» **Data records**
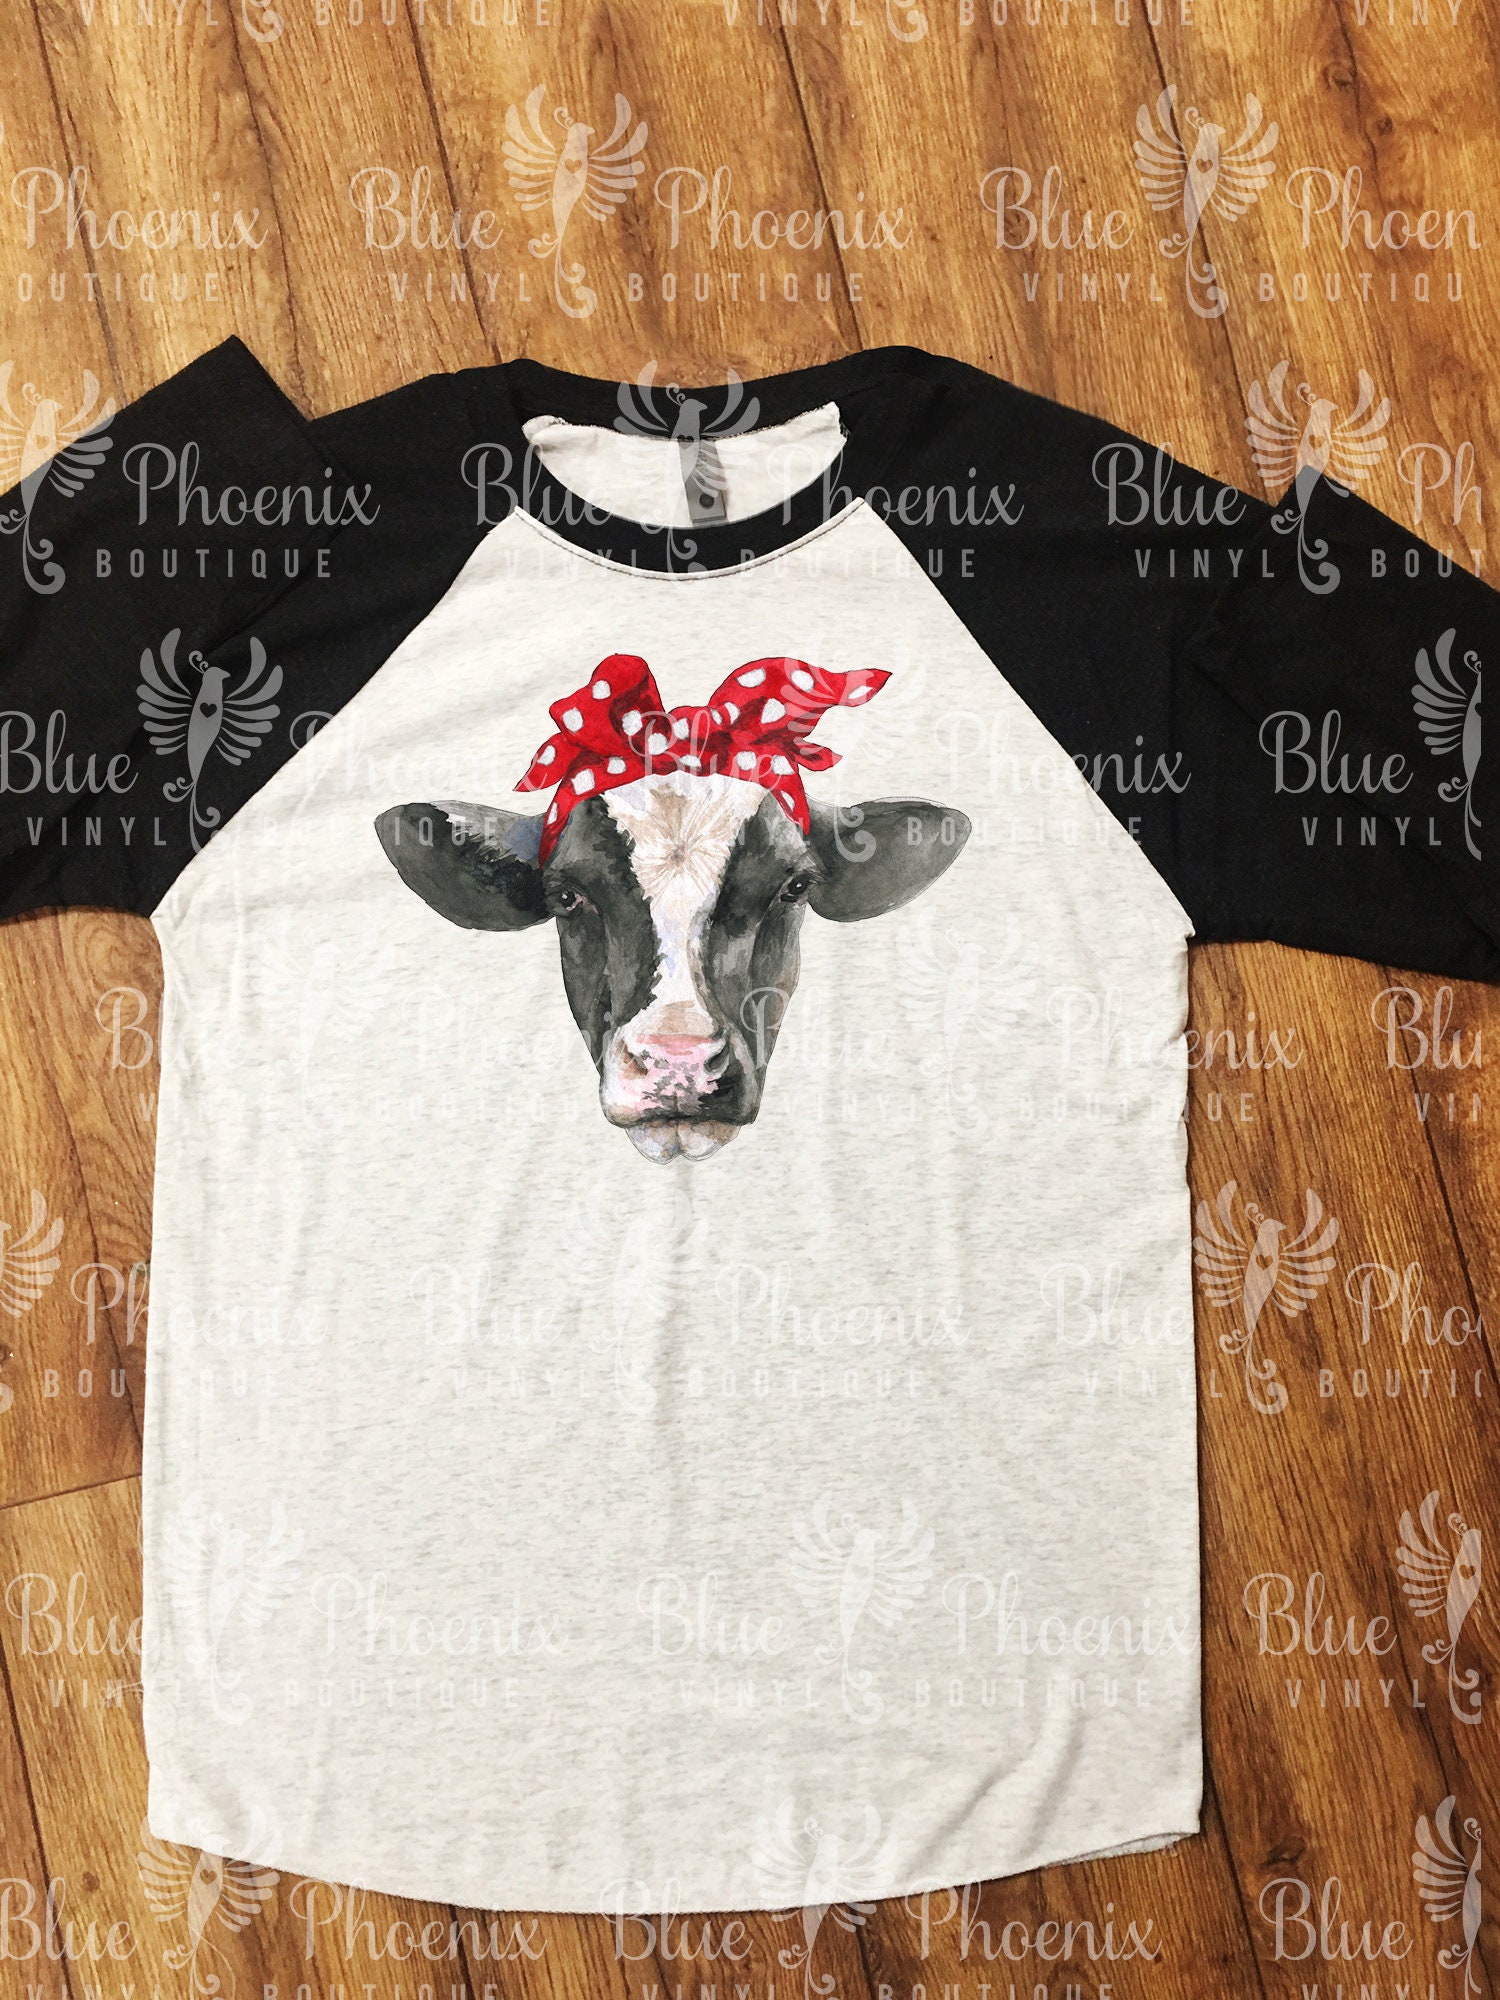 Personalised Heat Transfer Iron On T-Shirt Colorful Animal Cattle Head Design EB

--

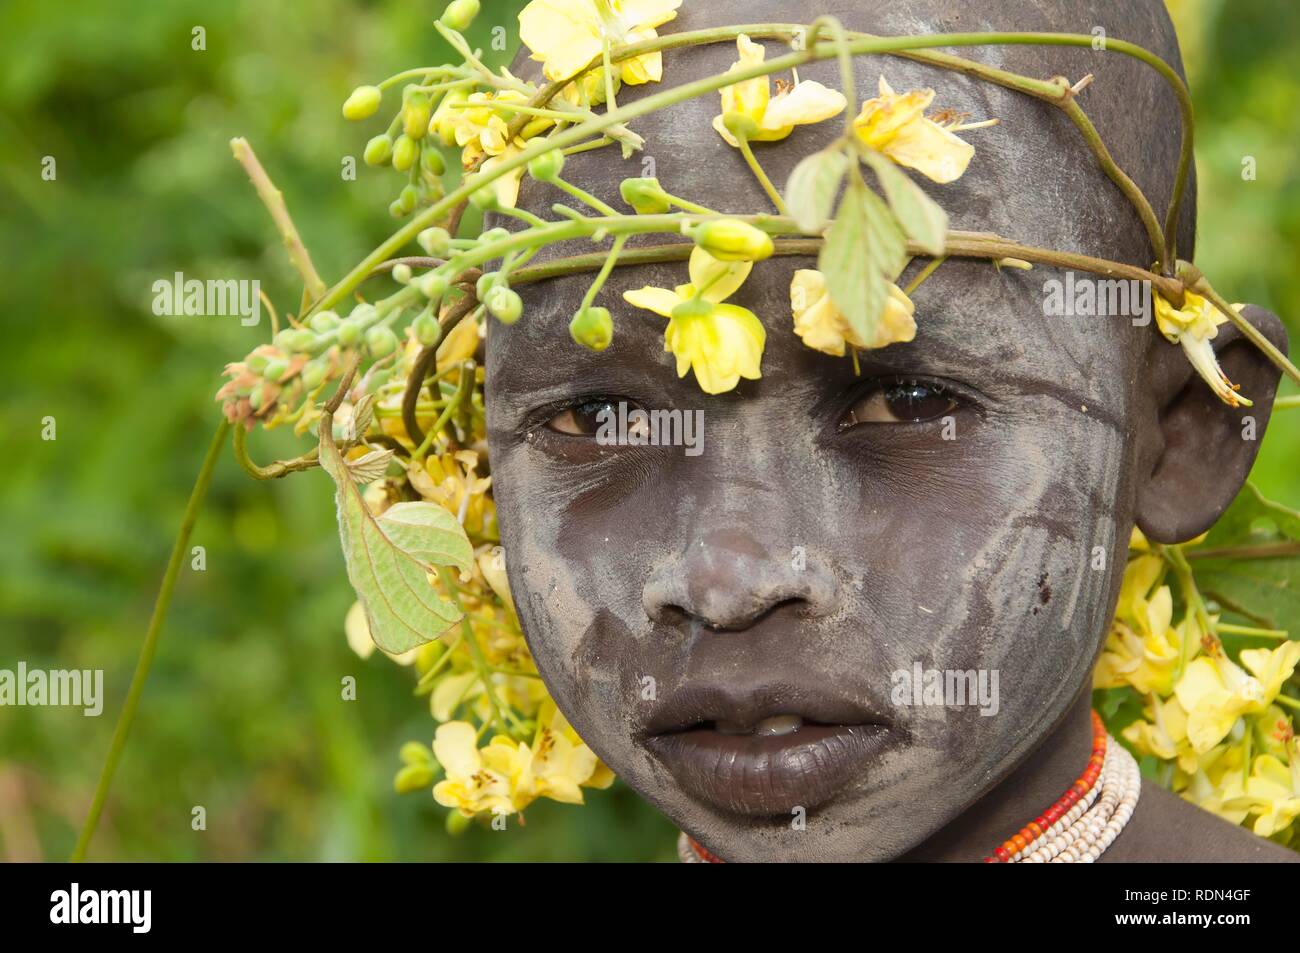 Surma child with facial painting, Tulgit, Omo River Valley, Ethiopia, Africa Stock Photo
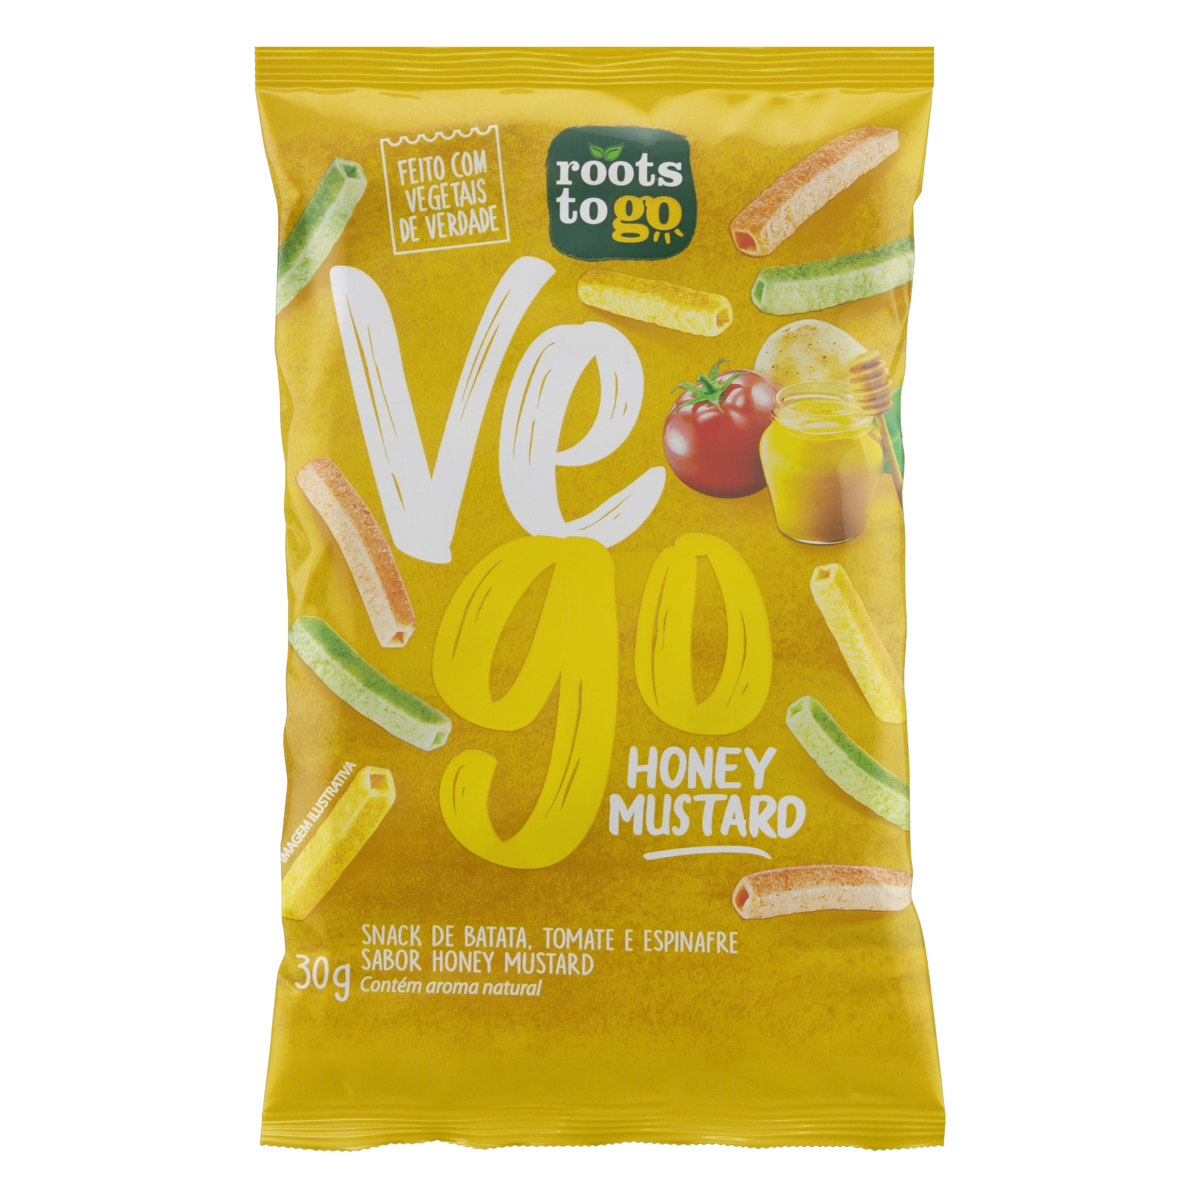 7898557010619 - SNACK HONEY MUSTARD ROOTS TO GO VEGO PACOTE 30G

» **Aim of the exercise**
Please repeat, exactly as written, the lines in the records above, starting with the one that has "Surma child with" and going on through the one that has "7898557010619 - SNACK". Pictures are to be left out.

» **Response area**
 Surma child with facial painting, Tulgit, Omo River Valley, Ethiopia, Africa Stock Photo
 7898557010619 - SNACK HONEY MUSTARD ROOTS TO GO VEGO PACOTE 30G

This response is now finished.